NAB is currently trading at $27.86, up 21% from a low of $22.84 in December. CBA is up nearly 13% from December lows to $78.07. ANZ is up 11.3% over 2019 to $26.04, while Westpac is up 14% to $27.17.
In the current low rate environment, shares with decent yields can be particularly appealing. The opportunity to potentially also book some capital growth can be considered a bonus, but is not guaranteed. It also comes the possibility of capital loss.
The incoming Open Banking regime will make it easier for customers to switch banking providers, threatening the dominance of the big four. Neobanks and online lenders have emerged to compete with the ANZ, CBA, NAB, and Westpac alongside the smaller banks and credit unions.
Customers who have become disillusioned with mainstream financial services providers may choose to embrace the opportunity enabled by Open Banking. This could result in an increase in the customer base of the alternative financial services providers at the expense of the majors.
The new regime is designed to give customers ‘ownership’ of their data, allowing them to share it with accredited parties such as other financial institutions. Open Banking has the potential to shift the balance of power in the banking industry, allowing smaller and more nimble competitors to gain market share.
At the same time, Australia is facing into slowing economic growth with stubborn unemployment. The Reserve Bank of Australia has been cutting interest rates in a bid to face off looming recession. Both federal and state governments are investing in infrastructure spending to stimulate the economy.
Bad debts are not currently significant for the big banks, however were economic conditions to deteriorate this could change. An increase in arrears and defaults would impact directly on banks’ bottom lines. The decrease in borrowing associated with a recession would also negatively impact profits, leaving less to be distributed to shareholders.
Credit growth has been slower than the banks would like. Credit recorded its lowest annual growth since records began in August, the latest month for which records are available. Credit growth is considered a key driver of economic growth as it allows business to invest as required to enable growth.
Can the dividends continue?
The question is whether bank profits and thus dividends can continue in the face of these increased pressures.
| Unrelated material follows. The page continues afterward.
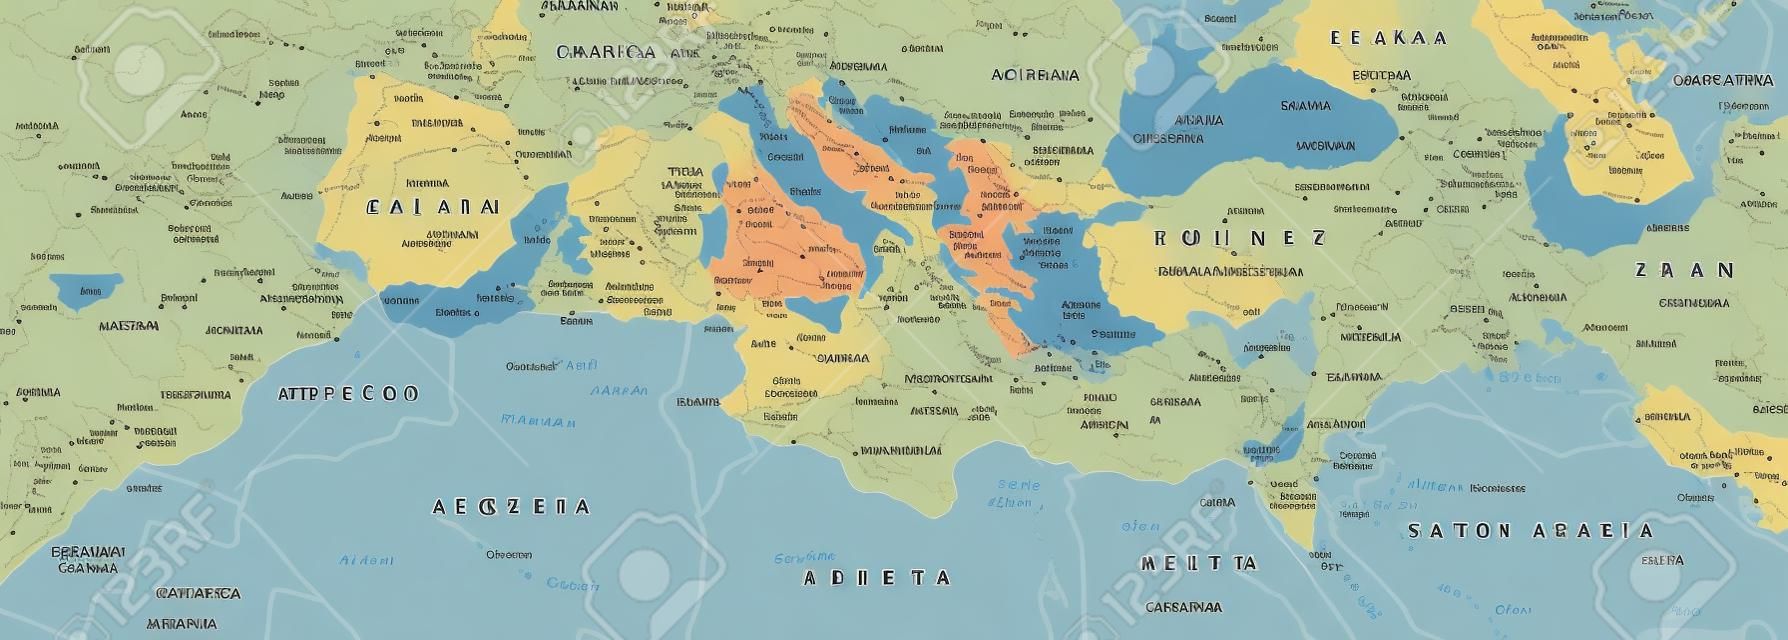 Mapa Político da Bacia Mediterrânica. Europa do Sul Norte da África e Próximo Oriente com capitais fronteiras nacionais rios e lagos. Inglês rotulagem e escala. Ilustração.

Payout ratios on the big four banks are around 70-75%, and will come under pressure if profits decline. Investors also face the risk of capital losses if share prices decline in the face of the aforementioned factors.
Some challenges, such as the broader economic environment, are largely beyond the control of ANZ, CBA, NAB, and Westpac. What the major banks can control is their response to the regulatory and remediation challenges they are faced with.
For years the big four banks have been a reliable source of dividends. The past couple of years have been difficult, however, resulting in stock price turbulence, profit hits, and now dividend cuts.